Distribution of TeX typesetting software for Mac computers

MacTeX is a free redistribution of TeX Live, a typesetting environment based on TeX. While TeX Live is designed to be cross-platform (running on Unix, macOS, and Windows), MacTeX includes Mac-specific utilities and front-ends (such as TeXShop and BibDesk). It is also pre-configured to work out-of-the-box with macOS, as it provides sensible defaults for configuration options that, in TeX Live, are left up to the user to allow for its cross-platform compatibility.

==Details==
MacTeX is packaged and distributed by the MacTeX TeXnical working group, a subgroup of TeX Users Group (TUG).
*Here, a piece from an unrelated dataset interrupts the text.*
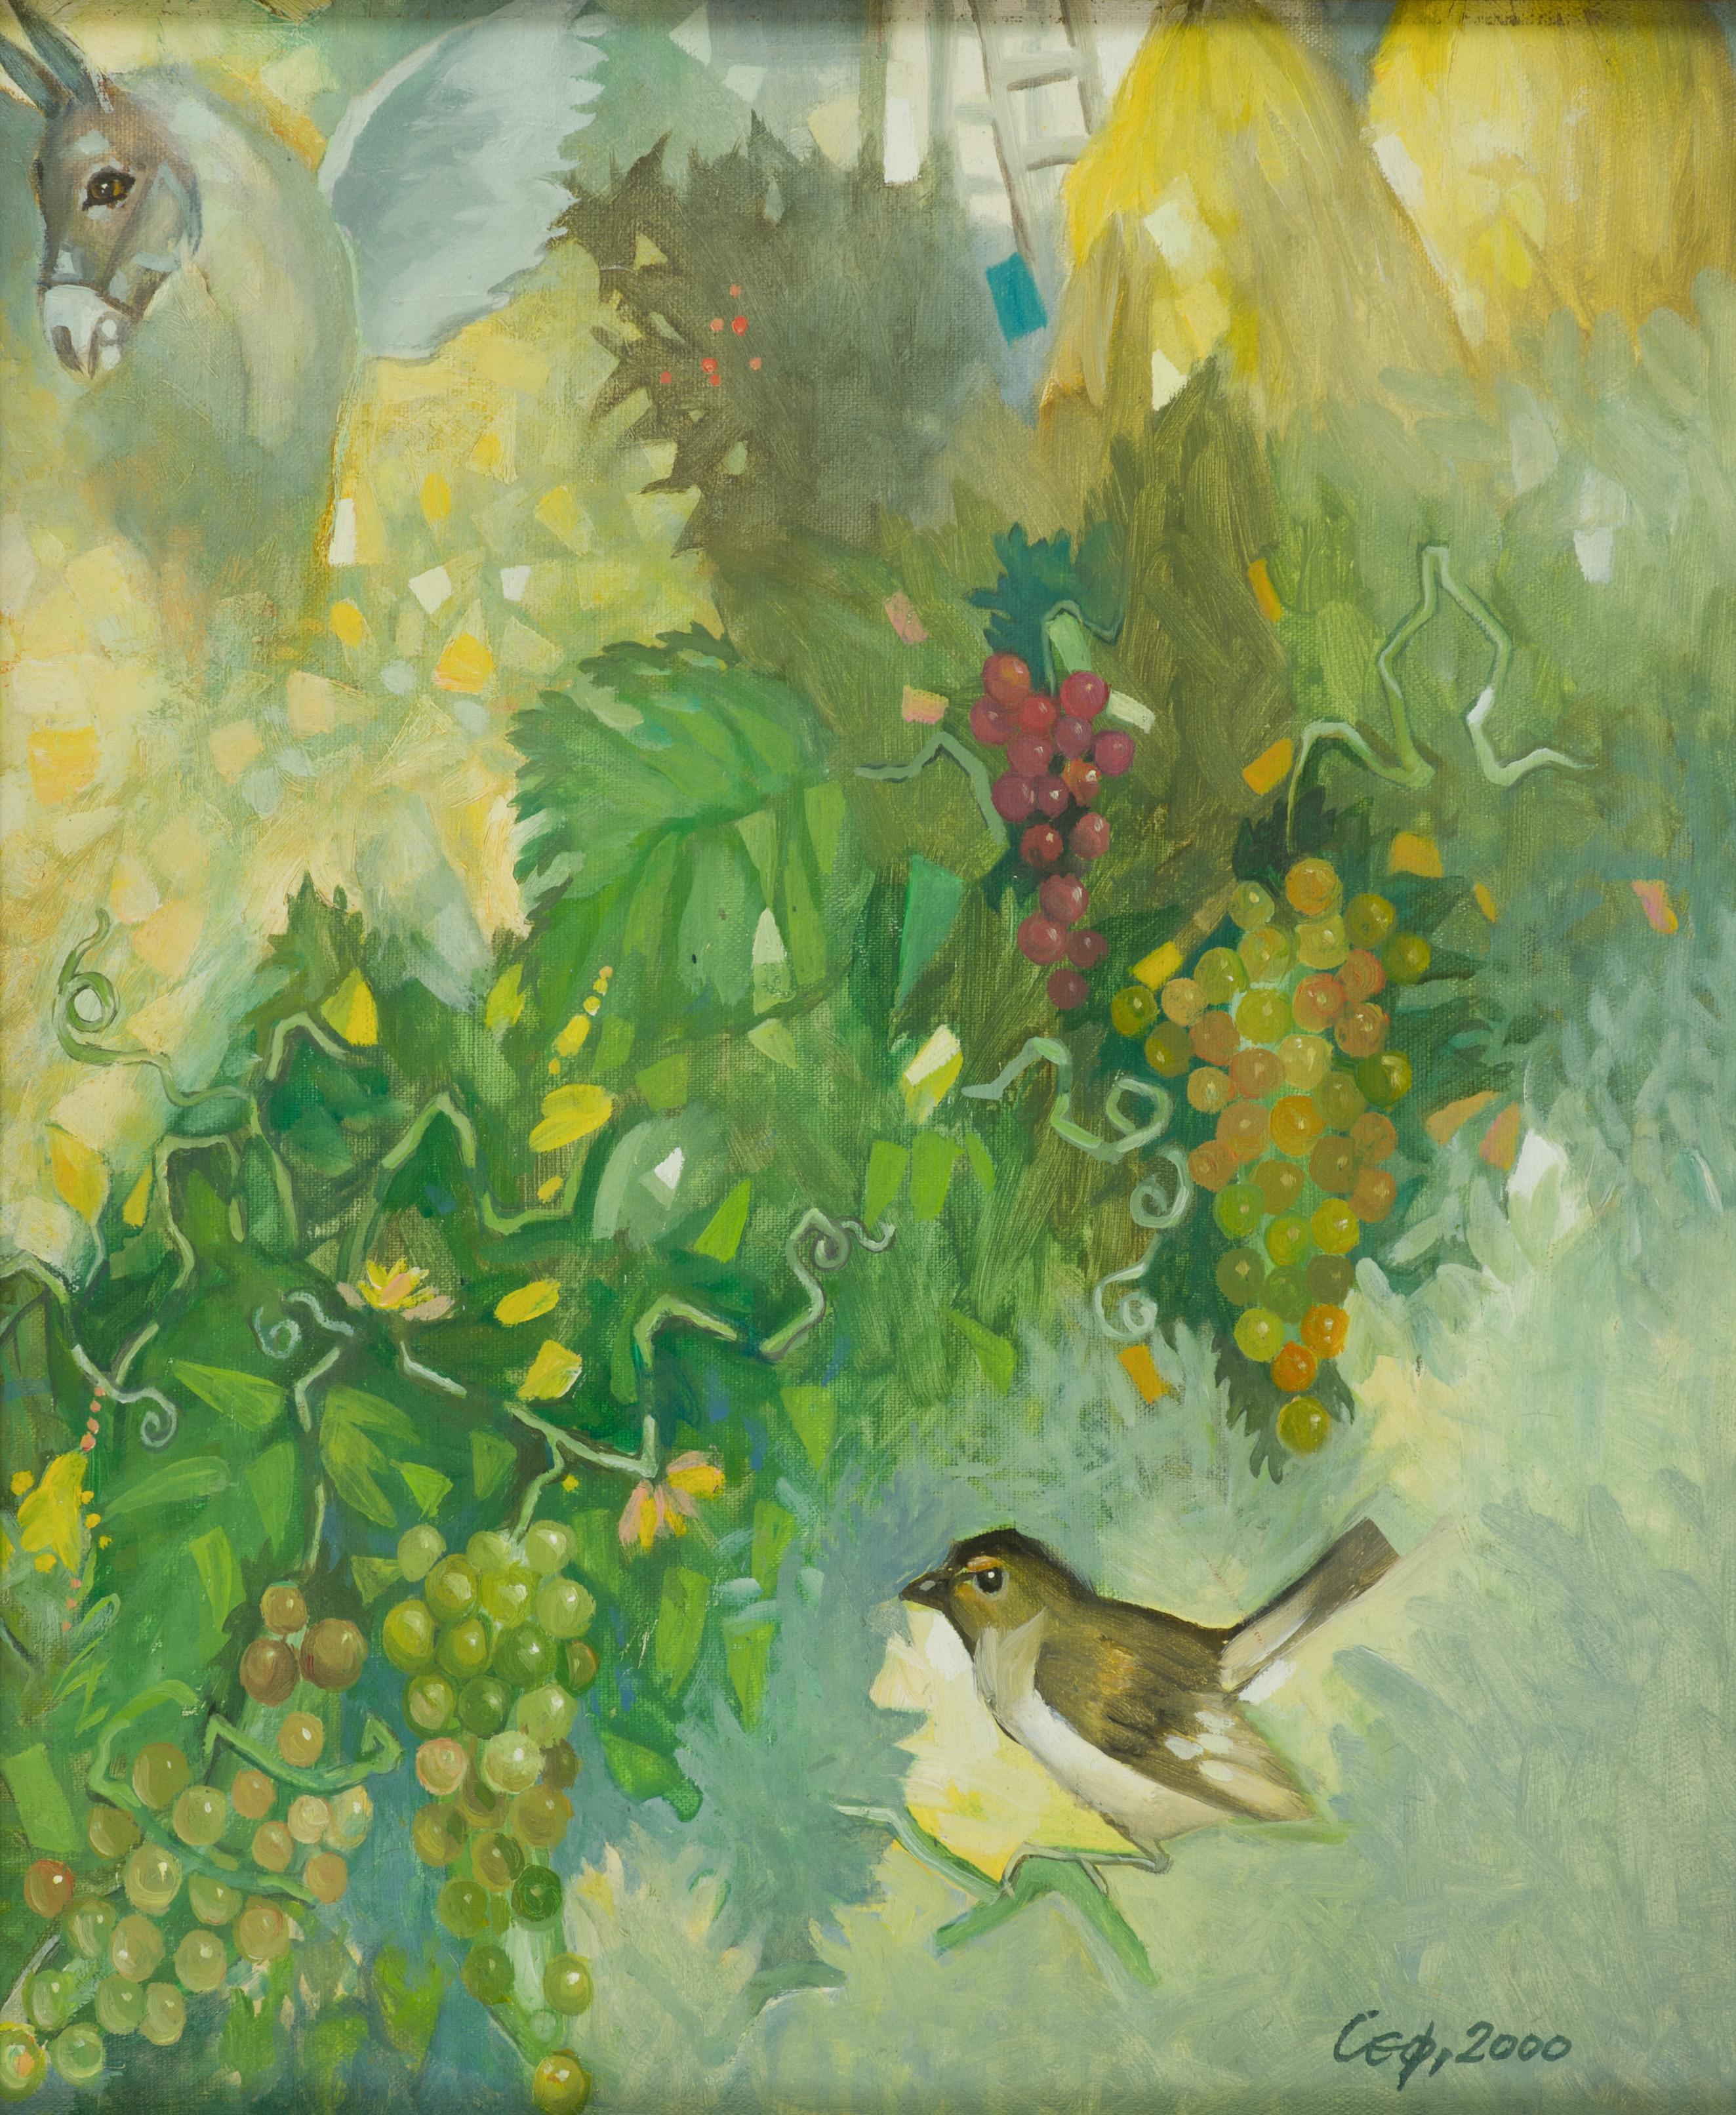 Сули Сеферов - Птица, 2000г
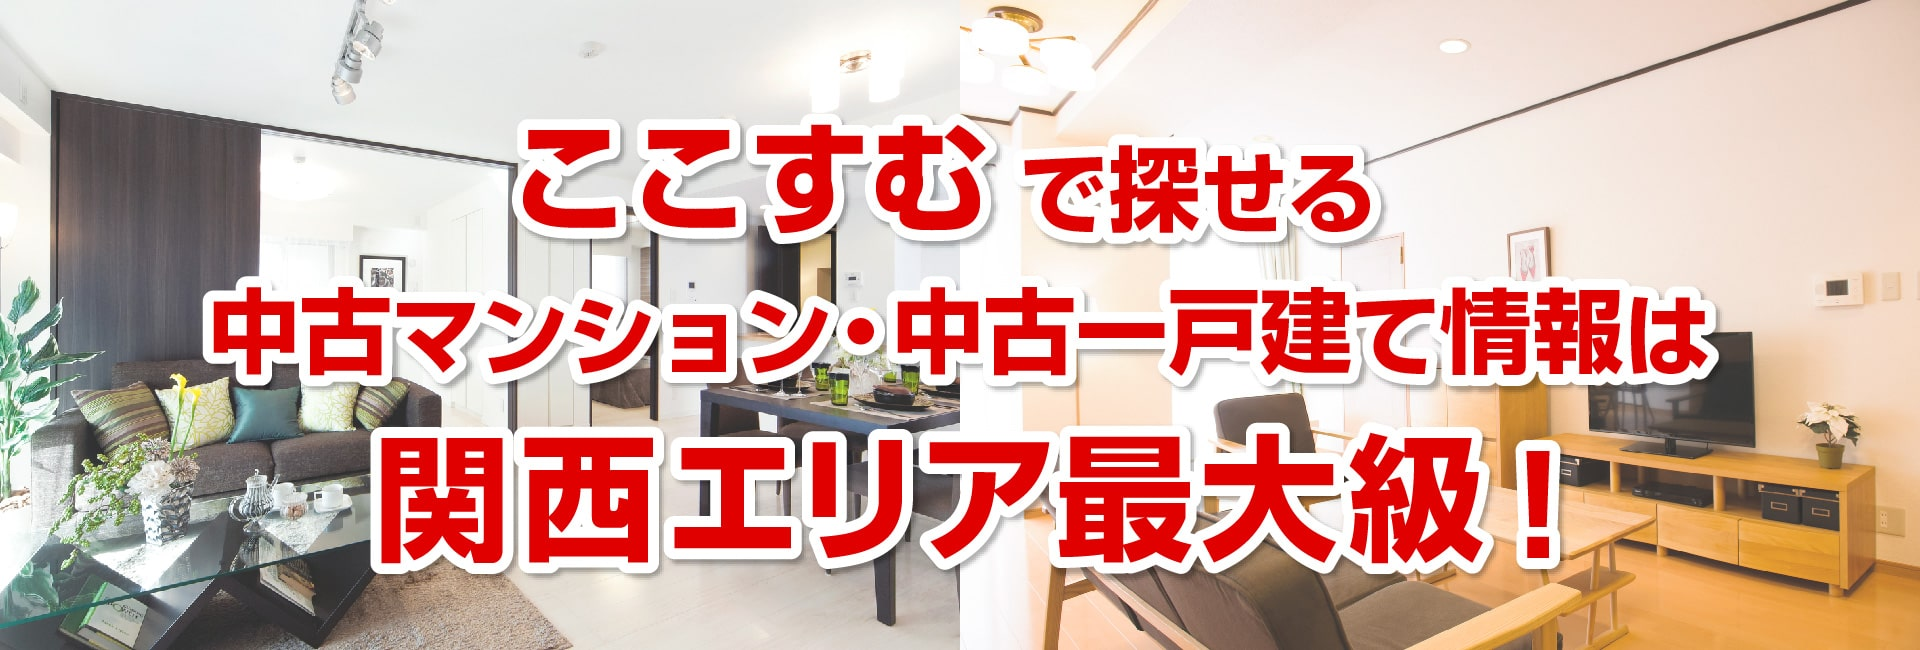 ここすむで探せる中古マンション・中古一戸建て情報は関西エリア最大級!

TeX Live is distributed by the TUG, making MacTeX less a fork of TeX Live than a customised repackaging.

The full MacTeX install package contains three subpackages:

- TeX Live
- GUI applications
  - BibDesk
  - LaTeXiT (a LaTeX equation editor)
  - TeX Live Utility (a utility to update, install or remove parts of TeX Live)
  - TeXShop (a Mac-based TeX editor)
- Ghostscript (an open source version of PostScript)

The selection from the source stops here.